BANDUNG, TINTAHIJAU.com – Manajemen Rumah Sakit Umum Pusat (RSUP) Dr. Hasan Sadikin (RSHS) Bandung mengambil tindakan tegas menyusul insiden nyaris tertukarnya bayi di ruang Neonatal Intensive Care Unit (NICU). Perawat yang terlibat dalam peristiwa tersebut kini resmi dinonaktifkan dari tugas pelayanan pasien.

Direktur Utama RSUP Dr. Hasan Sadikin, Rachim Dinata Marsidi, menyatakan bahwa langkah ini diambil sebagai bentuk pertanggungjawaban atas kelalaian yang terjadi.
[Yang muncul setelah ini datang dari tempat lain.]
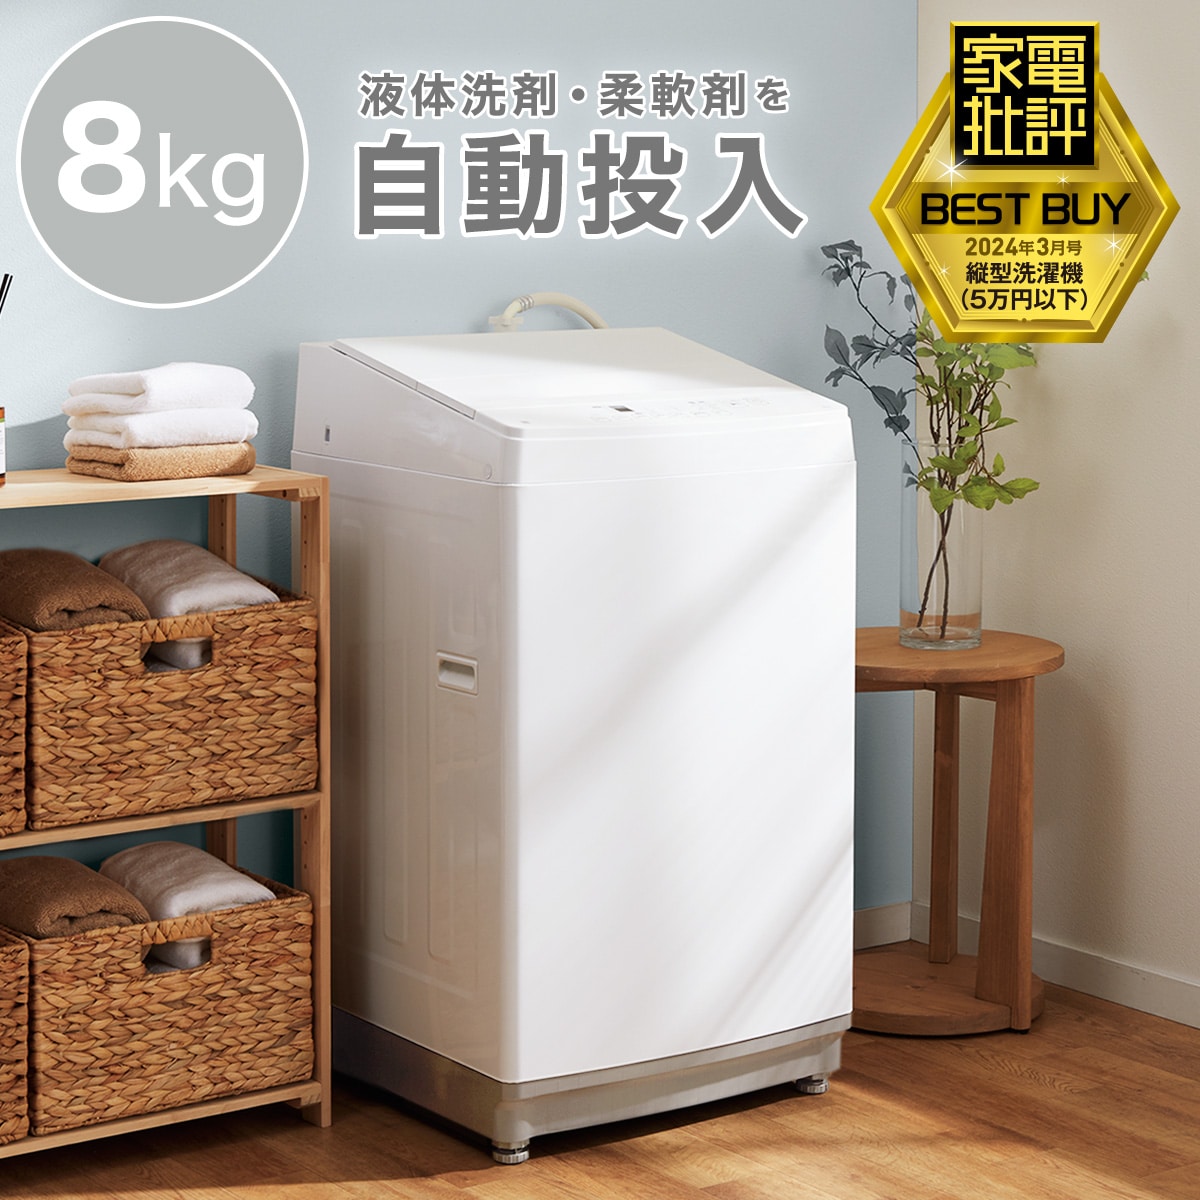 【家電批評ベストバイ受賞】8kg洗剤自動投入洗濯機(NT80J1 ホワイト)

Selain dinonaktifkan, perawat tersebut juga telah dijatuhi sanksi administratif.

“Perawatnya dinonaktifkan, dipindahkan ke bagian yang tidak melayani pasien dan diberikan SP1 (Surat Peringatan 1),” ujar Rachim dalam keterangan resminya, hari ini.

Siap Dievaluasi Kemenkes

Menanggapi seriusnya permasalahan ini, pihak RSHS mengaku telah berkoordinasi dengan pemerintah pusat. Rachim menegaskan bahwa pihaknya sangat terbuka terhadap peninjauan lebih lanjut guna memastikan kualitas pelayanan rumah sakit tetap terjaga.

“Kami RSHS siap untuk dilakukan evaluasi oleh Kemenkes dan kami sudah melaporkan ke Kemenkes terkait kejadian ini,” tambahnya.

Pembenahan Standar Operasional

Insiden ini menjadi momentum bagi RSHS untuk melakukan pembenahan internal secara menyeluruh. Fokus utama evaluasi terletak pada penguatan kembali Standar Operasional Prosedur (SOP), khususnya pada fase krusial penyerahan bayi kepada pihak keluarga.

Rachim menekankan pentingnya kepatuhan total dari seluruh tenaga kesehatan dalam menjalankan protokol yang ada. Meskipun selama ini prosedur diklaim sudah berjalan baik, pembinaan ulang akan tetap dilakukan.

“RSHS akan mengevaluasi dan melakukan pembinaan lagi kepada para perawat terhadap kepatuhan melaksanakan SOP mengenai penyerahan bayi kepada orang tuanya,” pungkas Rachim.

Langkah preventif ini diharapkan dapat memulihkan kepercayaan publik dan menjamin keselamatan serta keamanan pasien di lingkungan salah satu rumah sakit rujukan terbesar di Jawa Barat tersebut.